History

United States
- Name: Henry R. Schoolcraft
- Namesake: Henry R. Schoolcraft
- Builder: Richmond Shipyards, Richmond, California
- Yard number: 2132
- Way number: 1
- Laid down: 11 December 1943
- Launched: 30 December 1943
- Fate: Sold, 1947; Wrecked and scrapped, 1967;

General characteristics
- Type: Liberty ship
- Tonnage: 7,000 long tons deadweight (DWT)
- Length: 441 ft 6 in (134.57 m)
- Beam: 56 ft 11 in (17.35 m)
- Draft: 27 ft 9 in (8.46 m)
- Propulsion: Two oil-fired boilers; Triple expansion steam engine; Single screw; 2,500 hp (1,864 kW);
- Speed: 11 knots (20 km/h; 13 mph)
- Capacity: 9,140 tons cargo
- Complement: 41
- Armament: 1 × Stern-mounted 4 in (100 mm) deck gun; AA guns;

= SS Henry R. Schoolcraft =

World War II Liberty ship of the United States

SS Henry R. Schoolcraft (MC contract 2132) was a Liberty ship built in the United States during World War II.

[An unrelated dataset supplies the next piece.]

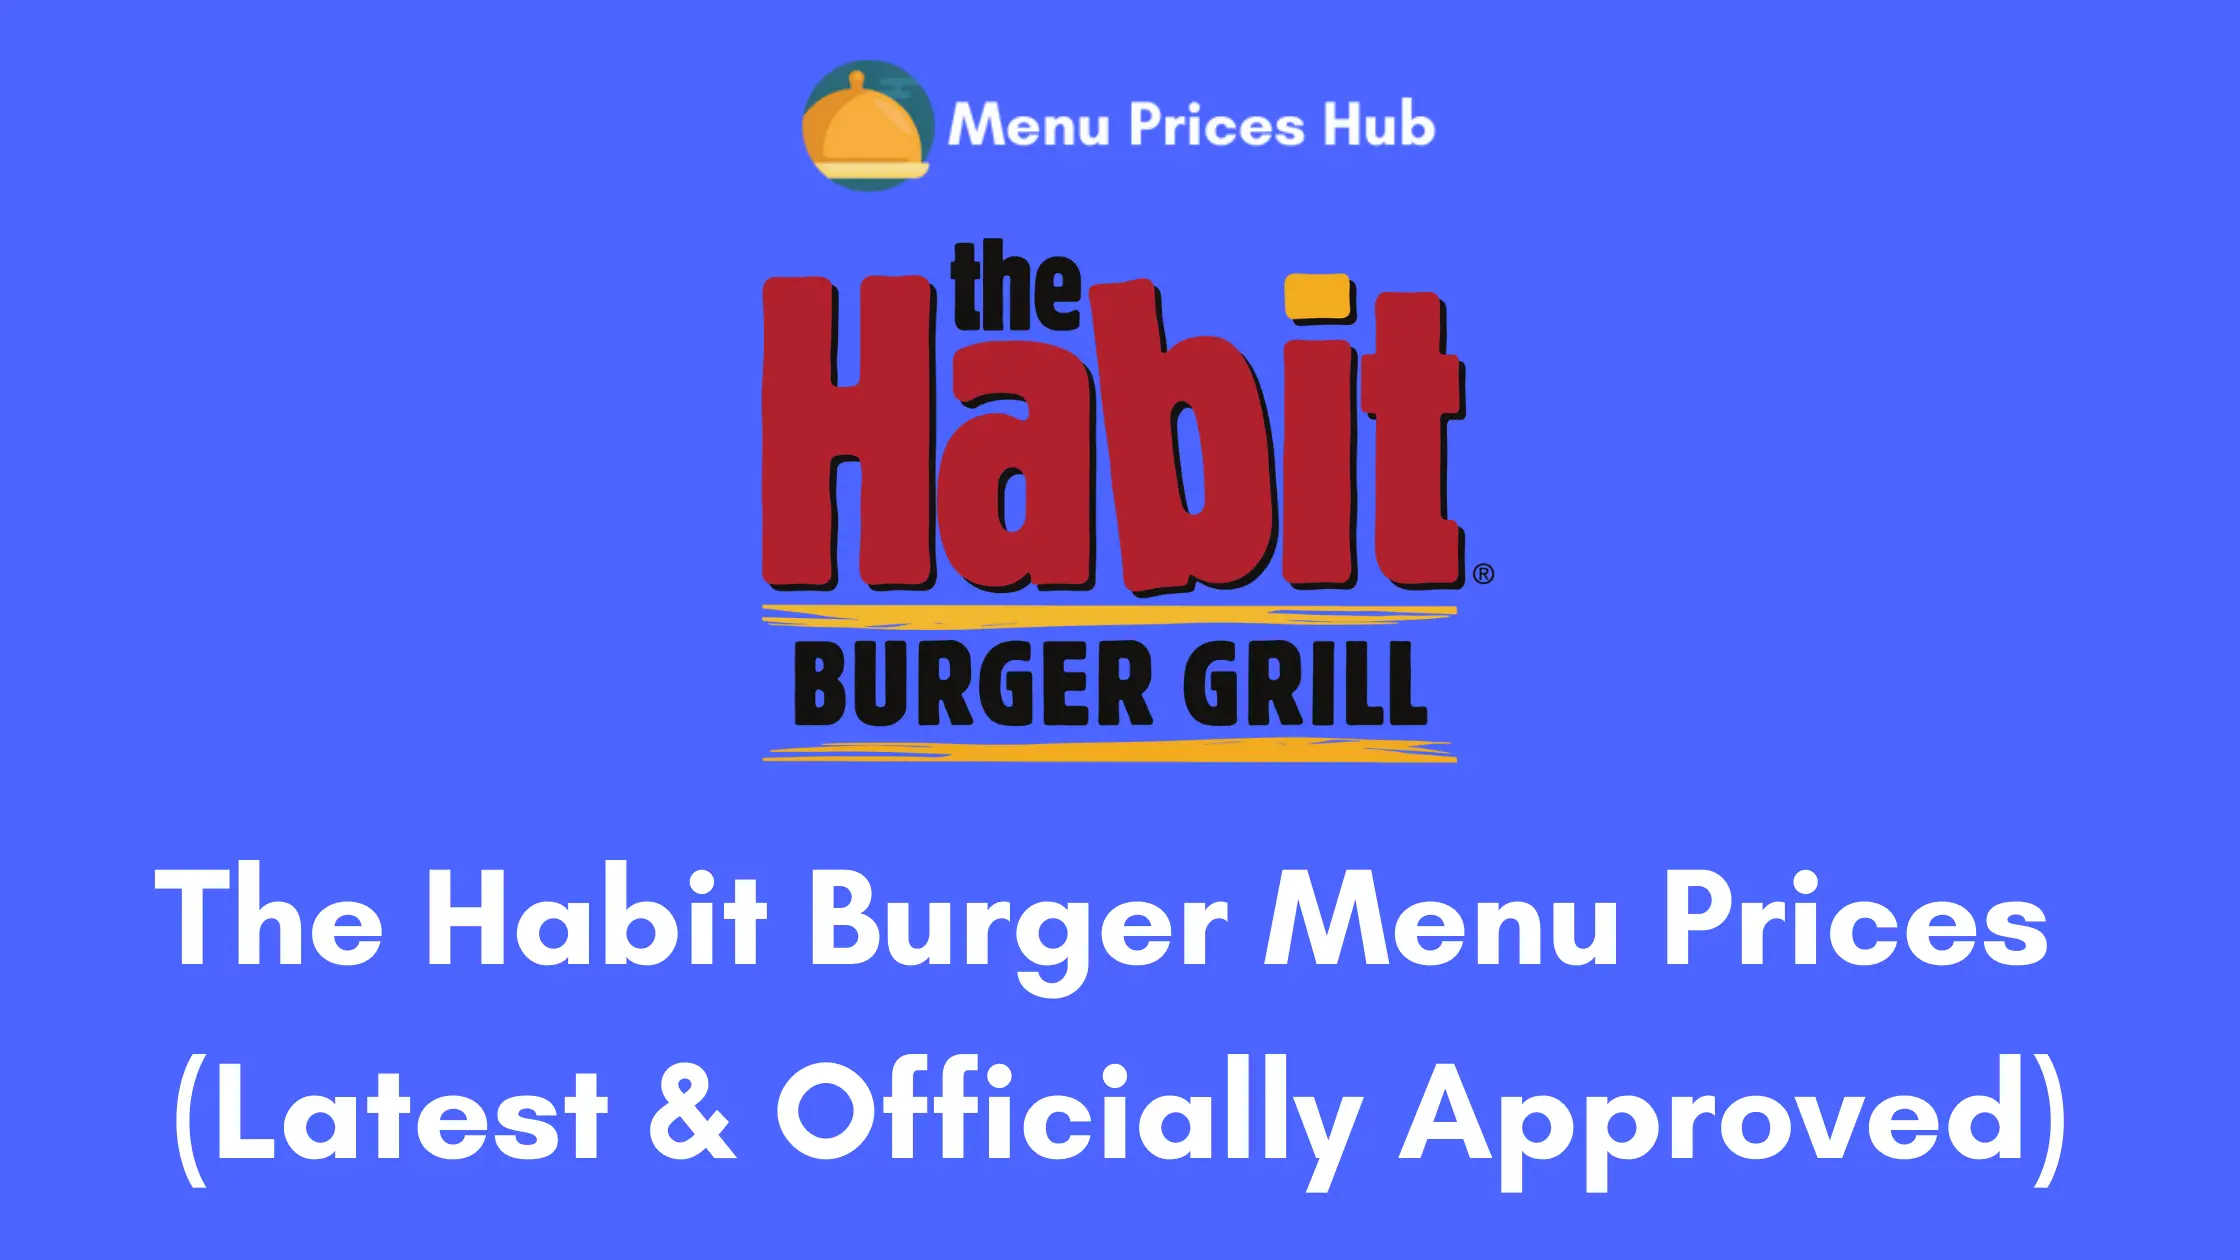 The Habit Burger Menu Prices

Named after Henry R. Schoolcraft, an American geographer, geologist, and ethnologist, the ship was laid down by Permanente Metals in their Richmond Yard #1 on 11 December 1943, then launched on 30 December 1943. The vessel was operated by Seas Shipping Company under a USAT (United States Army Transport) identification, meaning that it was under the control of the Army Transportation Service. In 1947, the ship was sold into private ownership. However, in 1967, the ship was wrecked and subsequently scrapped.